From: Peter Constable (petercon@microsoft.com)
Date: Tue Feb 22 2005 - 08:51:36 CST
> From: unicode-bounce@unicode.org [mailto:unicode-bounce@unicode.org]
On
> Behalf Of UList@dfa-mail.com
> SERBIAN T
>
> > This should be handled by language dependent glyph selection.
> > That's a standard feature in OpenType and there's no need to
> > duplicate that facility in the encoding.
>
> As I've already mentioned, switching language identifiers back and
forth
> every
> word in an HTML Russian-Serbian dictionary is hardly an efficient
solution.
If anyone is compiling a dictionary, they should be using some system
that maintains the data in a structured format in which everything
that's Serbian is kept separate from everything that's Russian. Then,
it's no problem whatsoever to present the data with sufficient info,
including language tags if needed, or perhaps a different typeface, to
display the Serbian different from the Russian.
Frankly, I think having relevant presentation info generated from the
structured data would be far more useful than scattering variation
selectors into the data -- something that would have to be done manually
and therefore prone to error.
> And this is not a job for language identifiers anyway -- at least
> that'sUnicode's opinion (??).
That's not at all Unicode's opinion. Unicode just wouldn't recommend the
use of plane 13 tag characters.
> That is to say, all the other language-
> specific
> Cyrillic letter variants have gotten codepoints. The problem with this
one
> isn't that it's Serbian, but that it's italic.

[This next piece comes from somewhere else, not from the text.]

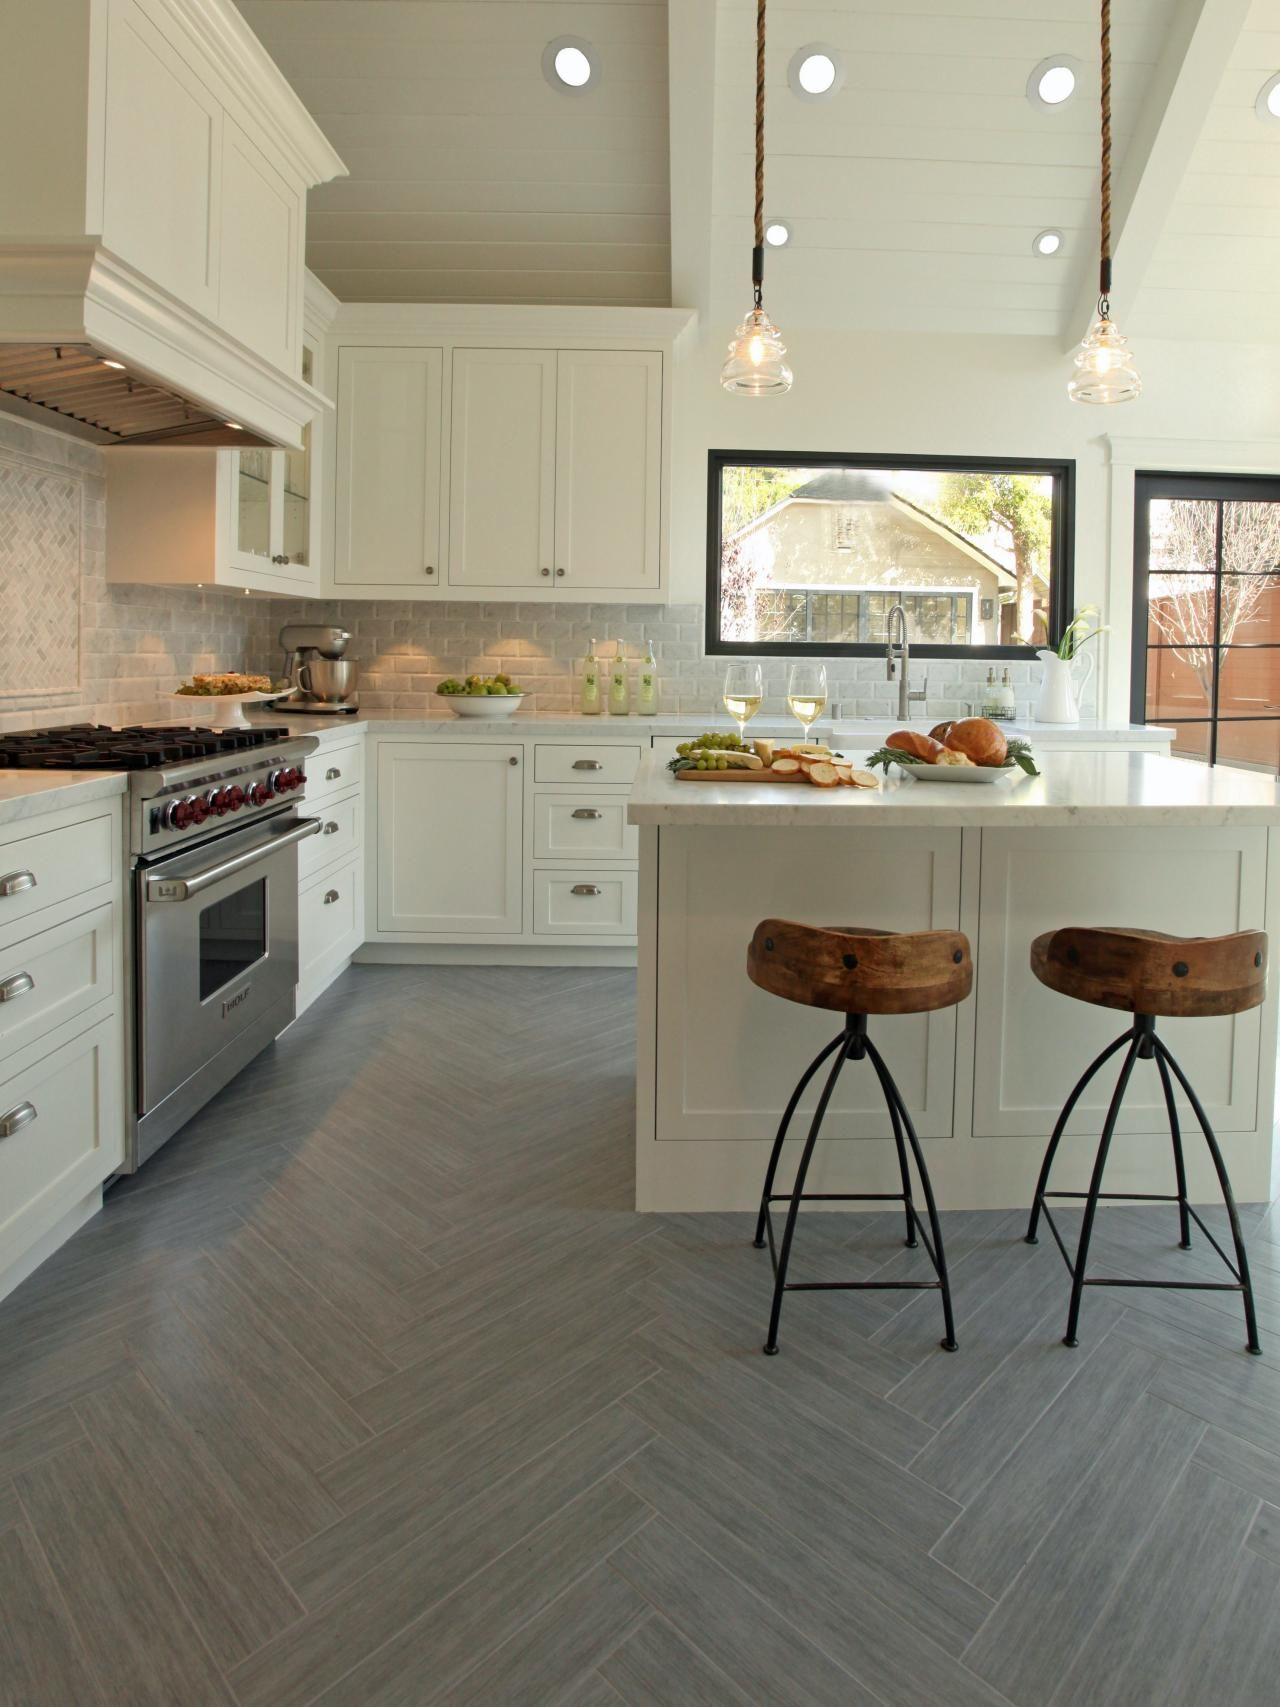 Our 55 Favorite White Kitchens | Hgtv, Herringbone pattern and ...

Rather, it's Serbian italic. It *is* dependent on the language.
> Not quite eligible for a codepoint, not worth switching entire
language
> identifiers over one letter. Perfect candidate to be defined as an
> (optionally
> ignorable) *sub-category* of the main Cyrillic "t".
>
> And *such* a ridiculously simple thing to do, to say, OK, you can add
> Variation Selector 1 -- with no negative impact on anyone.
No negative impact? You want every Serbian user to have to enter
variation selectors when they type a Cyrillic "t" so that it will
display correctly if at some point it is set in italic? Or to remember
to enter the variation selector if they format it in italics?